A dirty little secret in medical literature, systematic reviews are only as strong as the individual studies they examine. And when negative data are not published in the major medical or scientific journals, as is commonly the case, these reviews cannot help but be skewed. A report by the British Medical Journal found that when outcome data were re-analyzed to include the unpublished data for 42 previously FDA-approved drugs, a whopping 93% of the outcomes changed.
All data matter, especially in medicine. With systematic reviews and meta analyses, the gold standard in scientific publishing, researchers seek to make claims about a particular drug or health event based upon the totality of the published research. Physicians and other scientists use these systematic reviews to guide decision-making. Prescribing a drug based upon the positive findings of a systematic review gives one considerably more confidence than doing so based upon a few unrelated studies. When the systematic reviews are based upon insufficient reporting of negative or null results, the review is likely inaccurate.
Publication bias, as it is called in research circles, is a well known problem to many. By nature, scientific journals gravitate toward positive and novel results, in much the same way TV news reporting tends toward negative, salacious events. Both are clamoring for market share. Unlike in TV news, bias in the research industry can and does have serious consequences when medical-decision making rely on those results. Noted physician and medical blogger Harlan Krumholz, contends that medicine’s biggest threat is not some exotic virus, but missing data.
Case and point, when data about adverse events are withheld from publication, bad drugs, such as Vioxx are released into the market place and presumed safer than they actually are. A similar scenario is emerging for Yaz/Yasmin. These birth control pills are currently facing a bevy of lawsuits for some serious adverse events.
So what is one to do, who does one trust? I don’t know the answer to that question, but I think that good first steps include transparency and open access to data and research. As a patient, this includes access to scientific and medical research as well as access to our own medical data. As we report in the stories below, access to research is at risk if the Research Works Act passes.

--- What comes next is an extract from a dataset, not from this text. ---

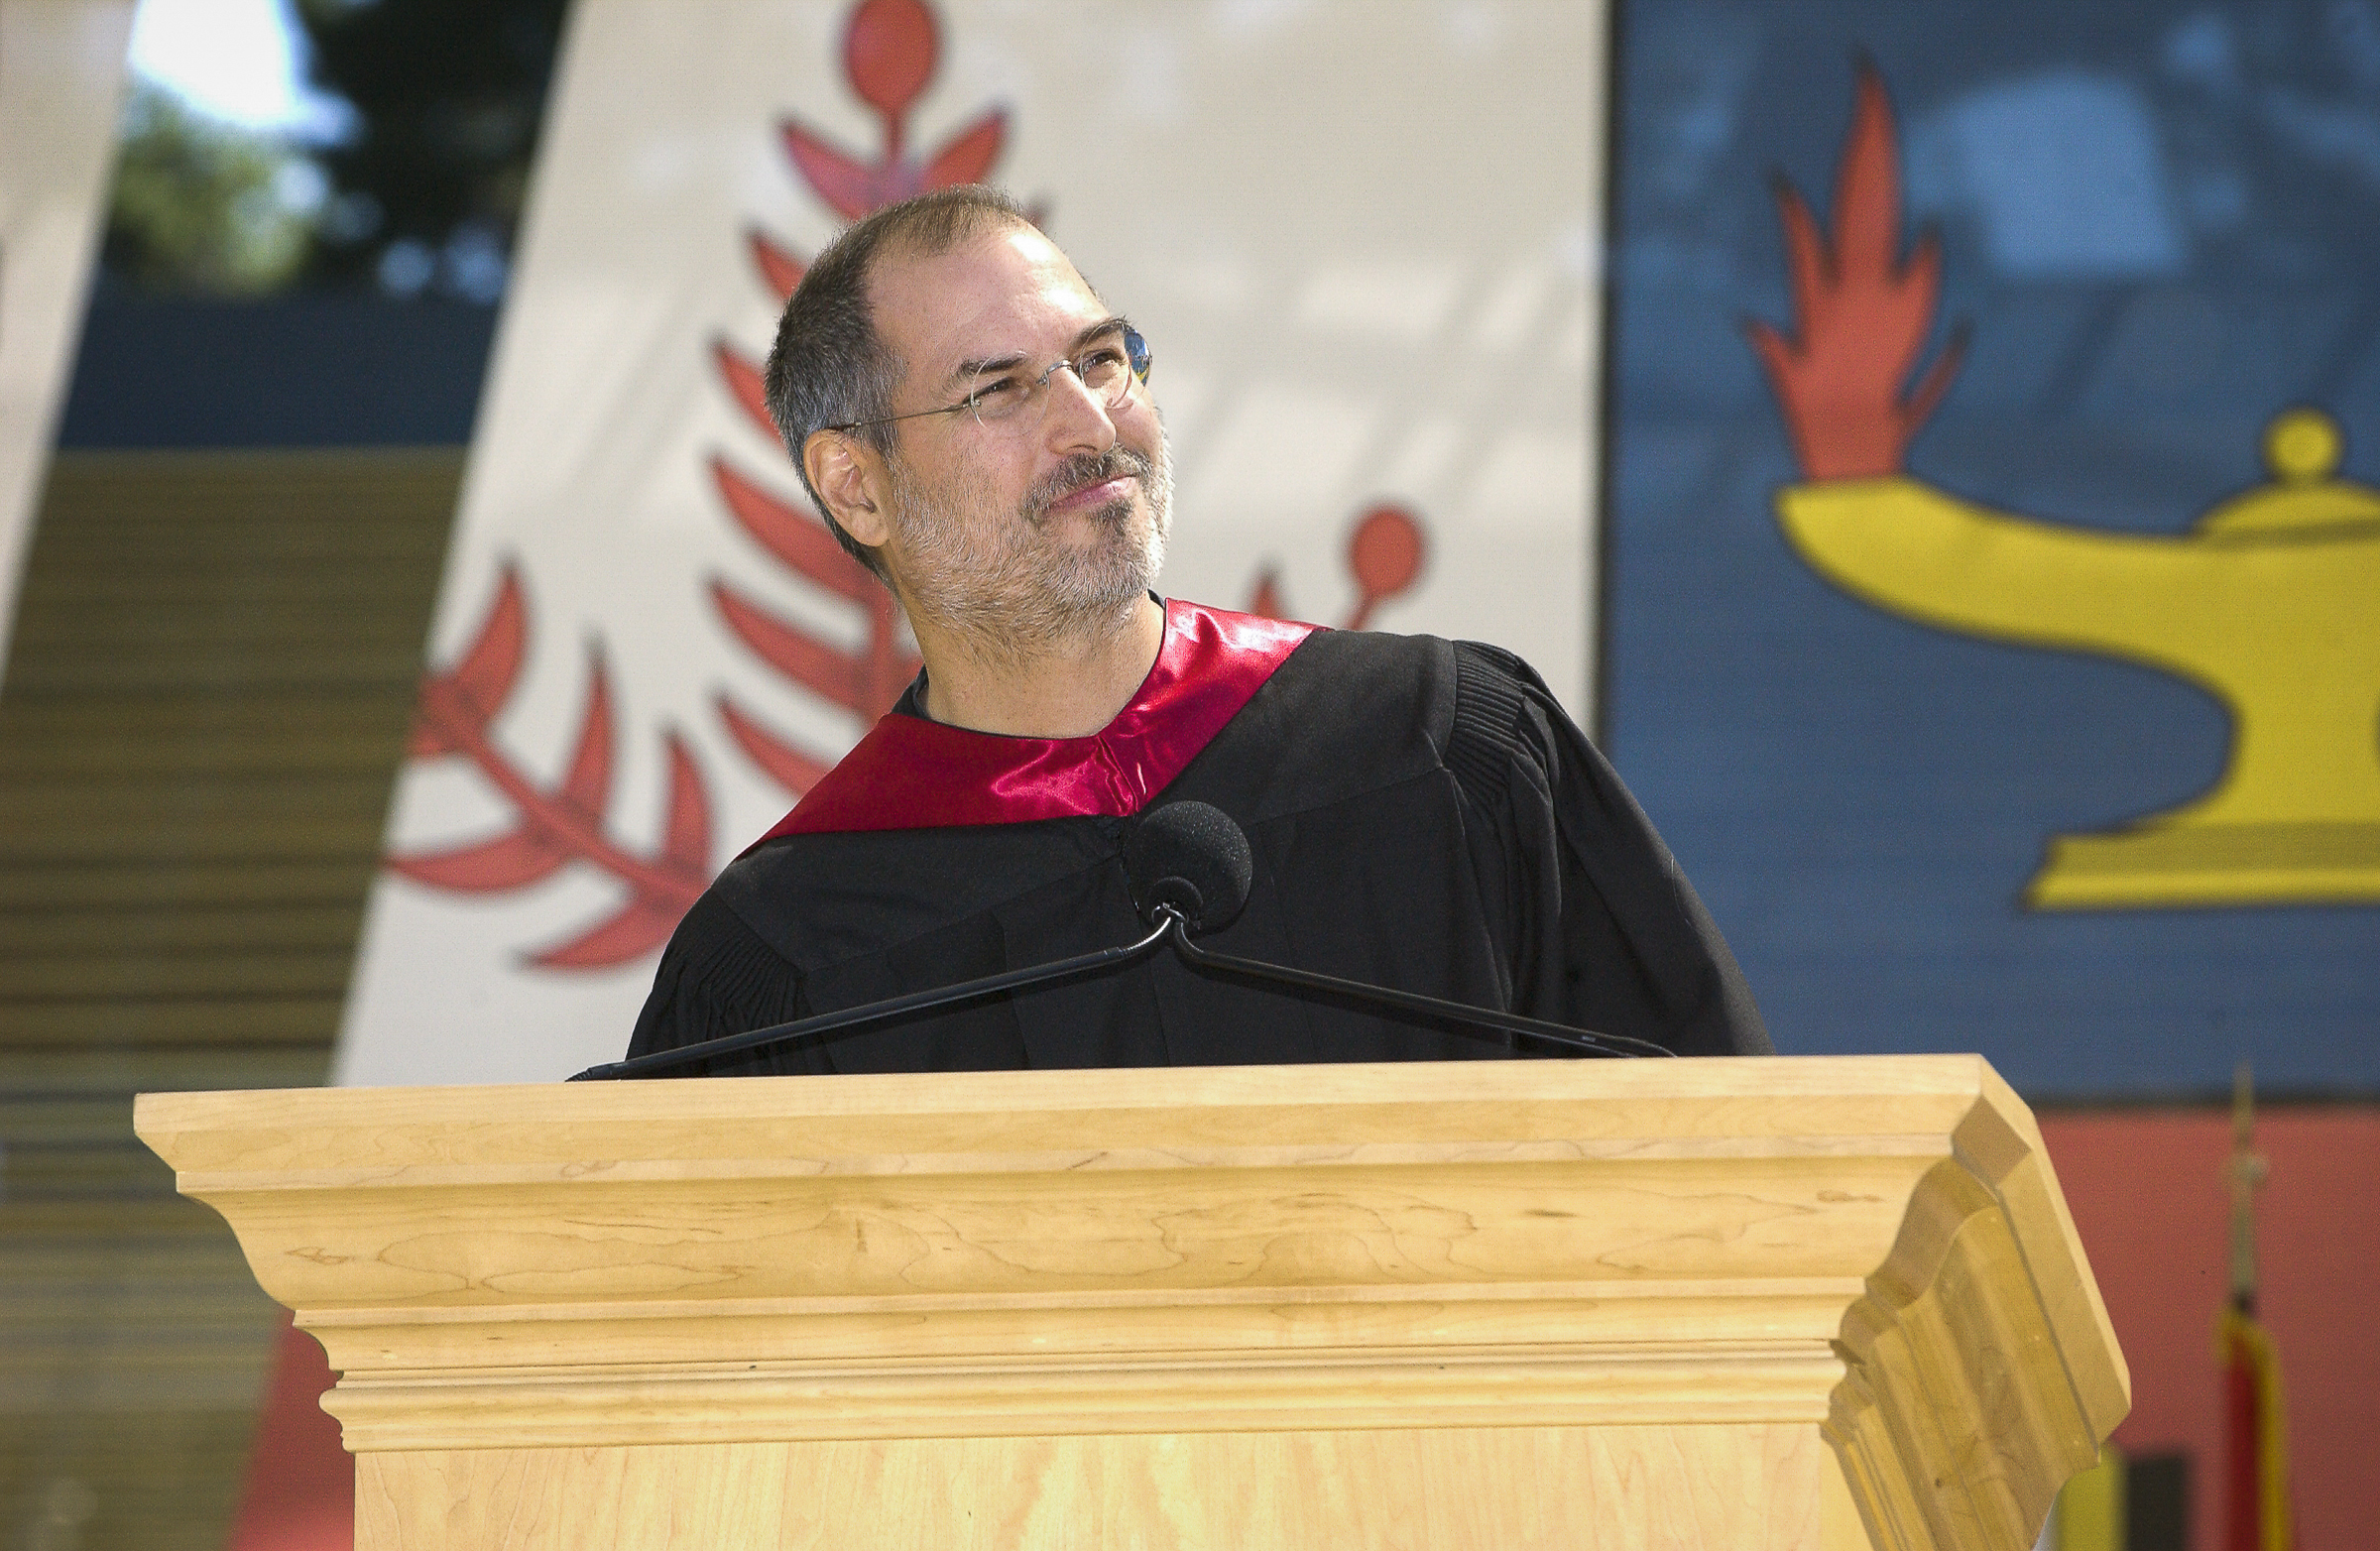 La Oratoria .archiff. Steve Jobs discurso Stanford.

A next step is to demand all data be published in drug studies, the good, the bad and the ugly. The British Medical Journal reports, those data are available in many, but not all cases, through FDA and other repositories. However, culling and analyzing those data along side the published reports is no easy task.
Perhaps a third option, is post-market crowdsourcing. Granted, not the best option when dealing with potentially dangerous therapeutics, but in this new environment of empowered patients and big data, crowdsourced research is becoming more common. The organization adverseevents.com is aggregating patient-reported adverse reactions to medications. It’s freely available to patients and physicians globally. A myriad of other companies have come on the market in recent years to crowdsource the research for all sorts of medical conditions. These companies offer patients the opportunity to participate and learn directly from the research conducted. Unlike traditional clinical research, the data and results are not cloistered, but are open and readily accessible.
In the end it all comes down to data and how we use it to make decisions about our health. I believe data matter. I believe data ought be open and accessible. What do you think?